Vampiric Josie & the Pussycats Origin Includes Charles Manson Ties

Roberto Aguirre-Sacasa and Francesco Francavilla take a step away from the end of the world and instead step back in time in "Afterlife with Archie" #10, exploring another corner of the Archie Universe by introducing Josie & the Pussycats into the world of the unfolding zombie apocalypse that originated in Riverdale. The pair deliver a surprising and even disturbing origin for the musical trio that plays right into the horror vibe of the series, by reinventing the group as none other than century-old vampires, who have remained ageless and in turn reinvented their musical personas every generation or so.

The issue kicks off with the proverbial interview with a vampire, namely Josie, which Aguirre-Sacasa uses to frame her history, as well as that of her bandmates.

Josie -- that is, Josephine McCoy -- reveals to the interviewer that she was orphaned shortly after her birth way back in 1906, and left in the care of an orphanage run by Alexandra Cabot. Alexandra has long been the foil to Josie and her group, and is reimagined here as a cold and cruel headmistress who already has three other girls in her care: Melody, Valerie, and Pepper. The four girls find that singing throughout the day helps them get through the drudgery of their daily chores, and one of Alexandra's opportunistic companions discovers their natural talent and forges them into a performing act. "Uncle Buddy" then takes the quartet on the road, exploiting their talent but nonetheless freeing them from Alexandra's oppression.

Longtime Josie fans will remember that Pepper was written out of the franchise decades ago, with little explanation. Here, Aguirre-Sacasa comes up with a plausible if creepy reason for her departure: Buddy demands that the two of them marry. Although it's never mentioned outright, it's strongly implied that Pepper is pregnant by Buddy, and with Pepper's removal from the group, the act is now a trio.

Shortly thereafter, the group is introduced to the suave but mysterious Henry Irving, a socialite whose pale complexion and glowing crimson eyes strongly hint that he's more than just a wealthy partygoer. Irving's persuasive powers are the first indication that he is indeed a vampire, and before the night is done, he uses those powers to seduce Josie, in turn converting her into a vampire before disappearing.

In short order, Josie subsequently turns Melody and Valerie into creatures of the night as well. From there, the trio embark on a series of makeovers in the coming decades. Throughout the 20th Century, the group establishes themselves as a short-lived singing act, only to disappear, be forgotten, and reemerge years later as a totally new group, in tune with the latest musical trends of the day. The latest and current incarnation of the band, of course, is Josie & the Pussycats.

Along the way, the trio use their powers for more than just looking young; they also interact with real-life history.
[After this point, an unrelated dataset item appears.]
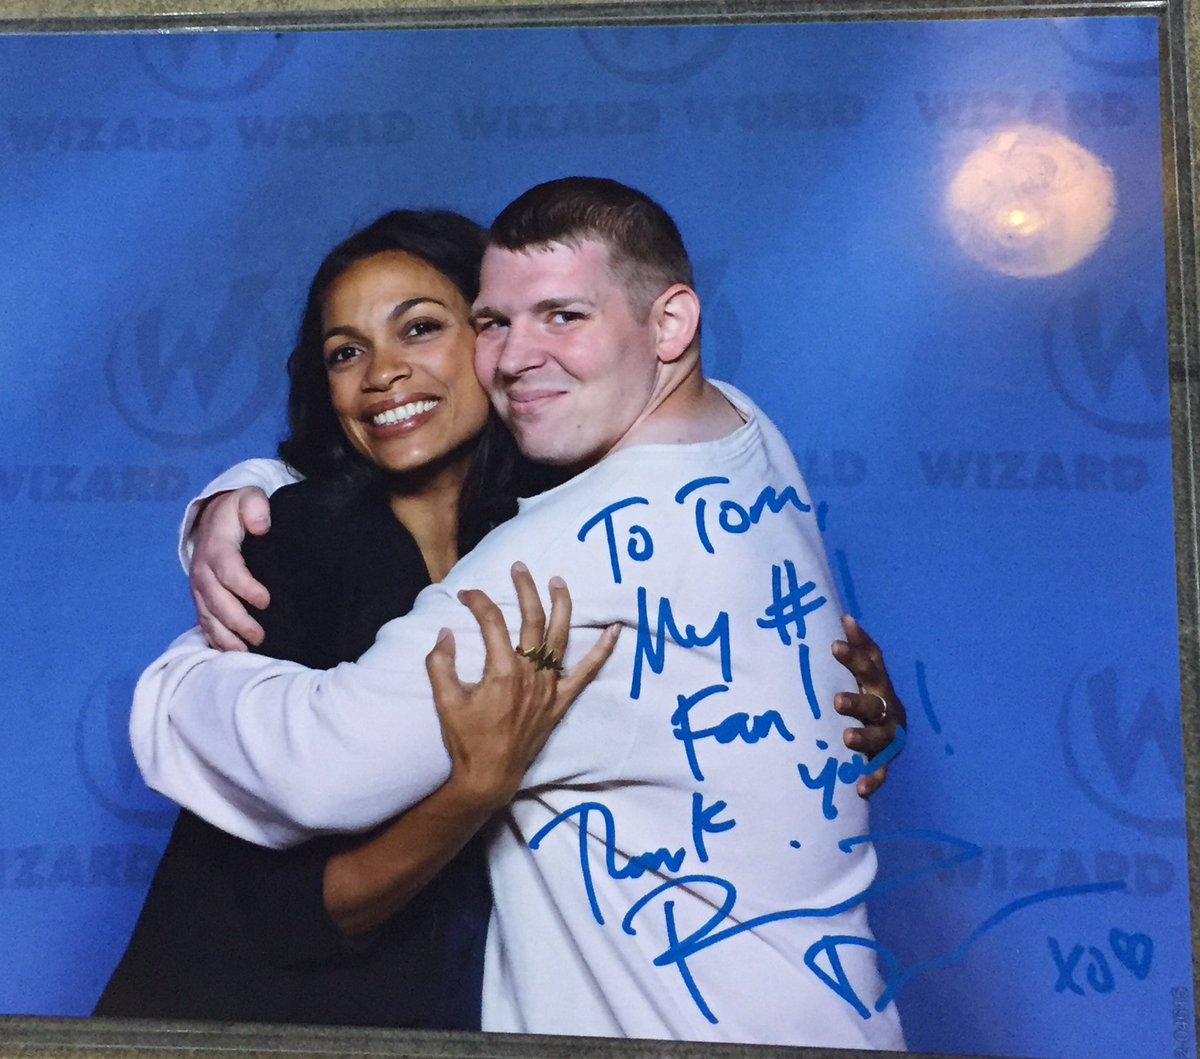 RT @gilmartin_tom: I got to meet my favorite actress @rosariodawson she is so awesome ???????????? #WizardWorldChicago https://t.co/YcBEGm5X2r

The trio feasts on a southern KKK group with whom the Josie and company had a previous threatening encounter, and they're seen to be taking a direct hand fighting against the Nazis in World War II. They also witness firsthand the aftermath of the Charles Manson murders; in fact it's revealed that the murders were actually committed by Irving, who framed Manson to take the fall.

Come the '80s, an elderly Pepper, having learned Josie's secret to eternal youth, returns to confront her. Pepper at first asks to be made immortal like her, and then attempts to blackmail her when Josie refuses. Josie then feels compelled to kill her former friend.

Josie then reveals to the interviewer that she scheduled the interview solely out of narcissism, and leads him to Melody and Valerie where the trio kill him and feed on him off-panel. As the trio later make their way to Riverdale, they learn of the of the disturbances there and, curious about the exact nature of the unrest, decide to investigate rather than detour, as the issue draws to a close. The caption in the final panel, "The Wedding Crashers," teases the idea of some conflict at the wedding of Archie and Betty next issue.